▶ **Work to complete**: Can you print the data exactly and leave out each image?

___ Recorded data

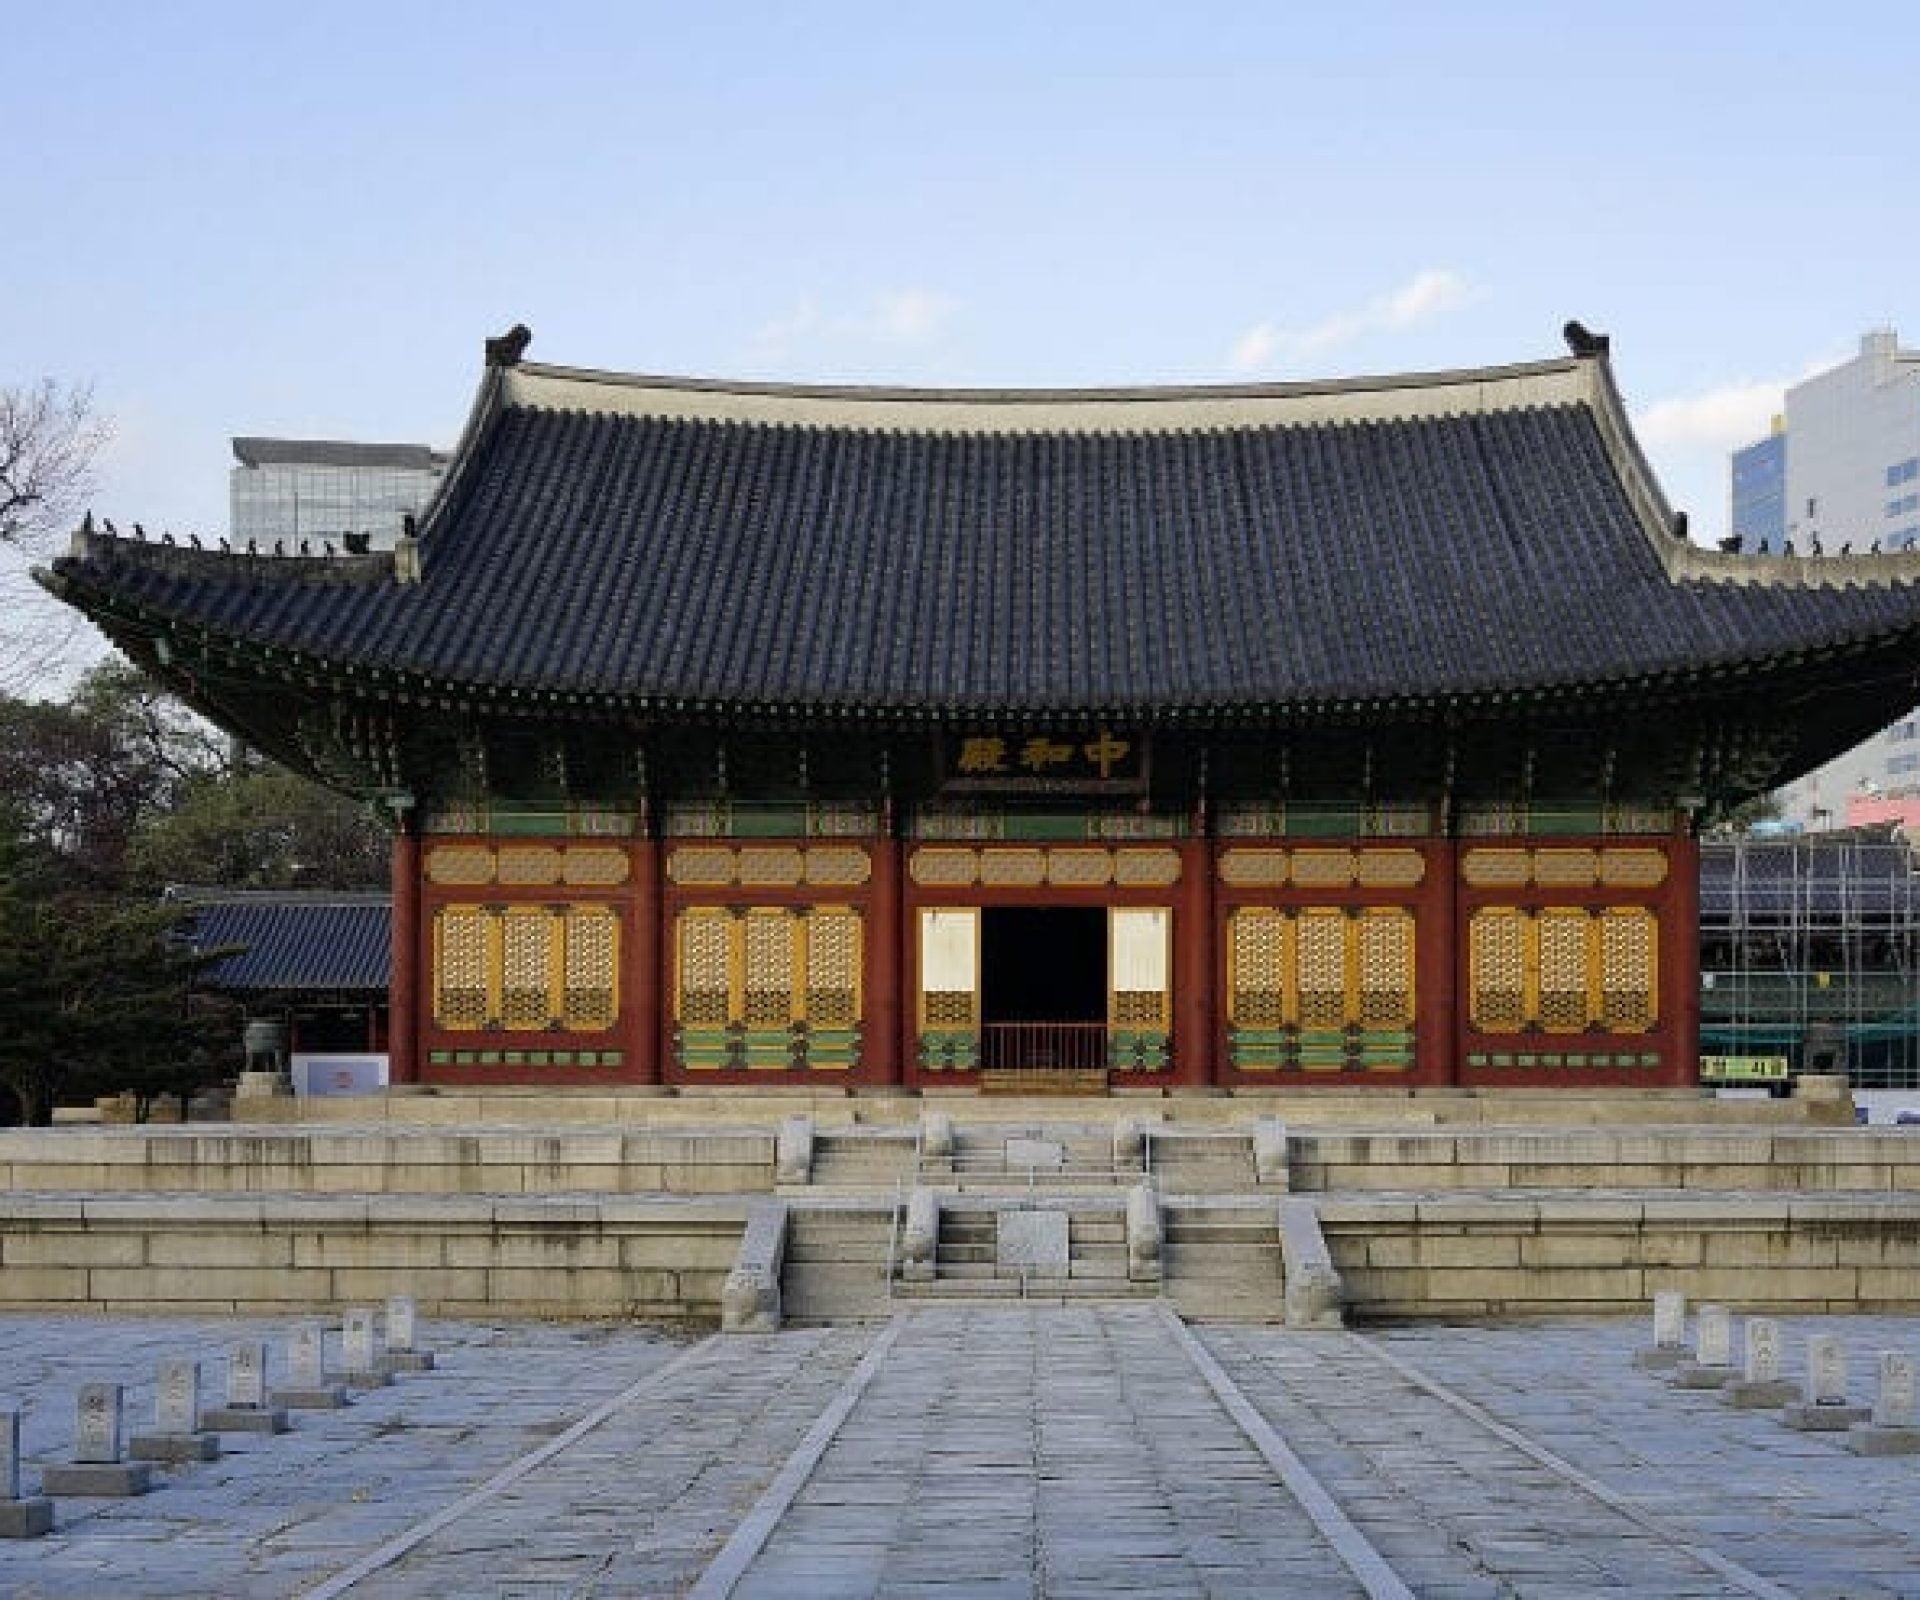 Deoksugung Palace | Jung-gu, Seoul
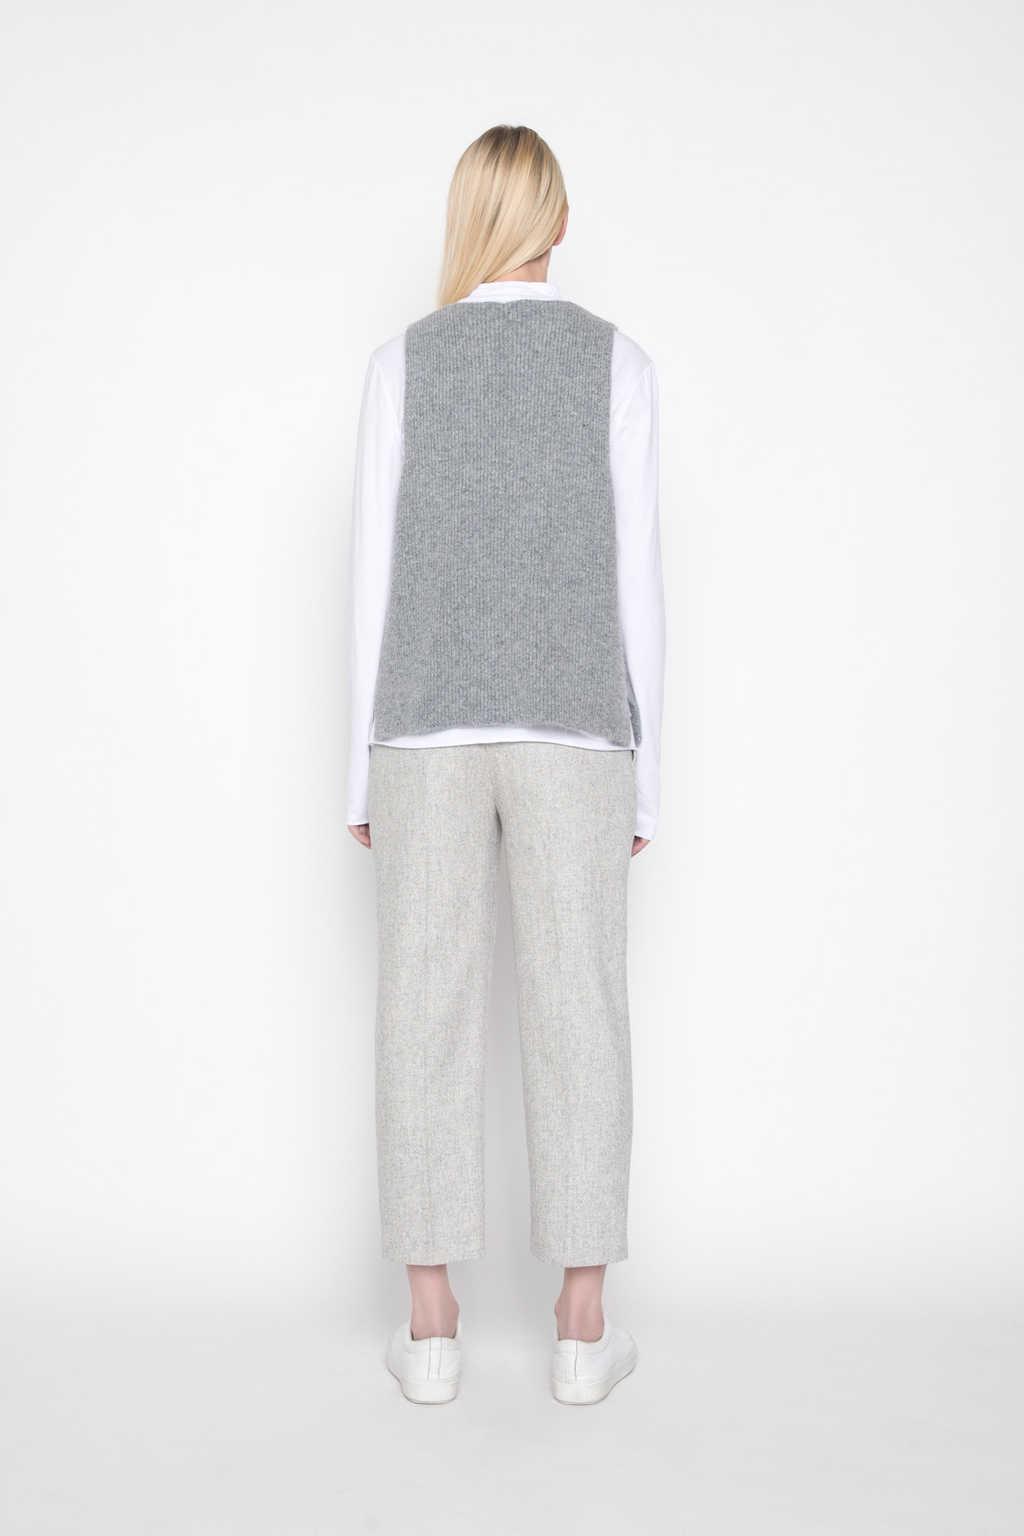 Vest G26 Gray 3
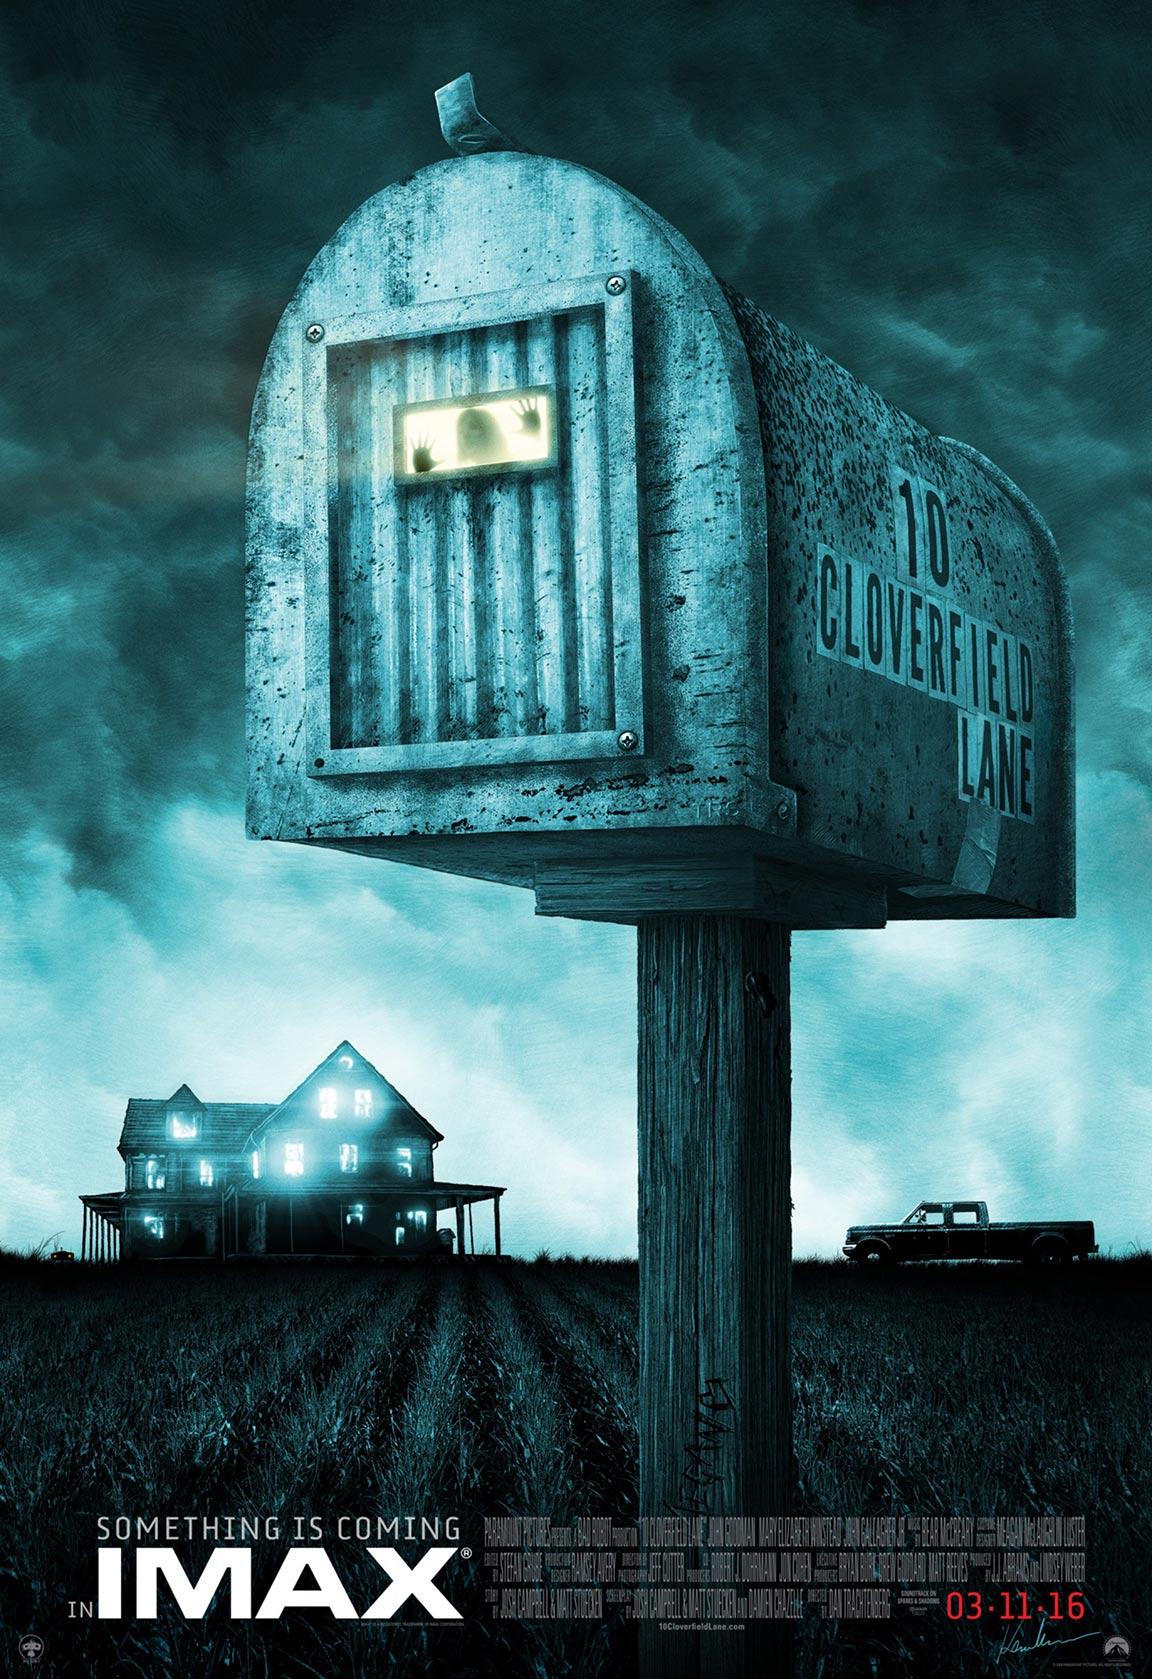 Download 10 Cloverfield Lane 2016 movie free - LindyMax

______

▶ **Written response**:
 Deoksugung Palace | Jung-gu, Seoul
 Vest G26 Gray 3
 Download 10 Cloverfield Lane 2016 movie free - LindyMax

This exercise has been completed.